With these observations in place, we are ready to move toward an important theorem. To do so, let us recall a matrix we encountered in an earlier example.
In the previous section we introduced an important type of matrix. We now give its official definition.
The \(n\times n\) matrix with 1’s on the diagonal and zeros elsewhere is the \(n\times n\) identity matrix, denoted \(I_{n}\). When the context makes the dimension of the identity clear, the subscript is generally omitted.
Just as the zero matrix can take many different shapes and sizes, the identity matrix has a special property: it is always square. A few examples are shown below.
\[
I_{2}=\left[\begin{array}{cc}1&0\\0&1\end{array}\right],\quad
I_{3}=\left[\begin{array}{ccc}1&0&0\\0&1&0\\0&0&1\end{array}\right],\quad
I_{4}=\left[\begin{array}{cccc}1&0&0&0\\0&1&0&0\\0&0&1&0\\0&0&0&1\end{array}\right] \nonumber
\]
Up to this point, we have experimented with examples to see what works and what does not. Examples are helpful, but they have limits. If someone claimed that \(AB=BA\) always holds, it would only take one counterexample to show that the claim is false. On the other hand, if someone claimed that \(A(B+C)=AB+AC\) is always true, one example is not enough to prove the claim; we need something stronger—a proof.

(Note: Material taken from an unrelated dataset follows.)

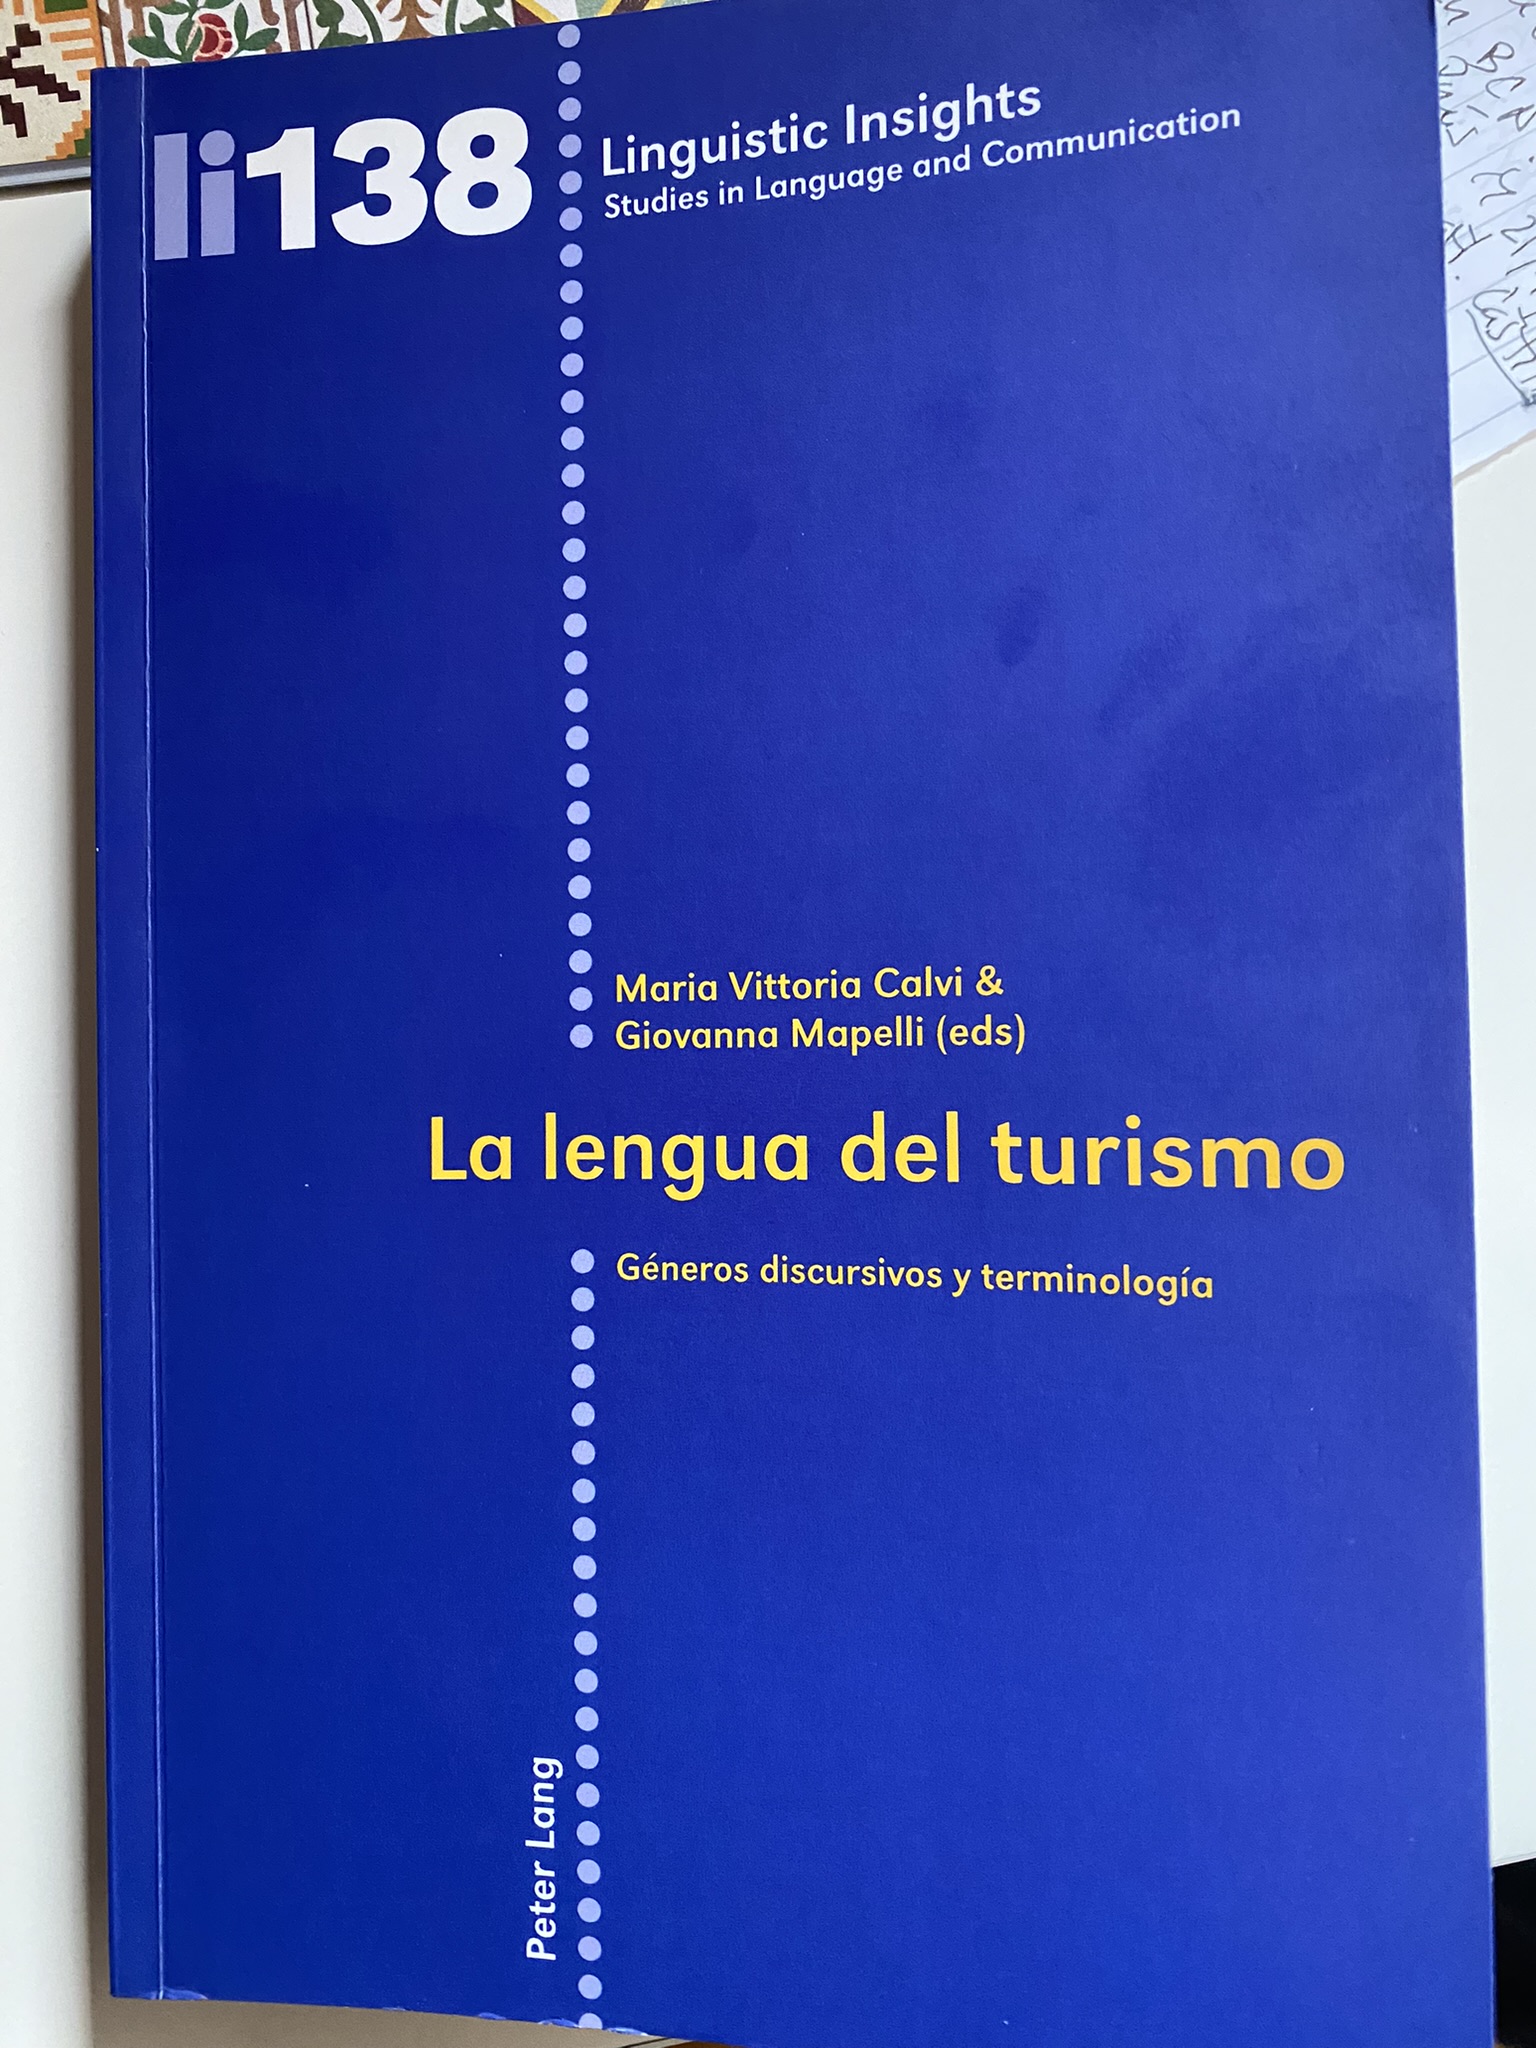 Imagen de portada del libro La lengua del turismo

In this text we will not provide full proofs for every statement. The important point to remember is that whenever we present a theorem, there is a proof behind it. Our confidence comes from more than just trying out examples.
With that in mind, let us now turn to the good news: the properties of matrix multiplication that always work.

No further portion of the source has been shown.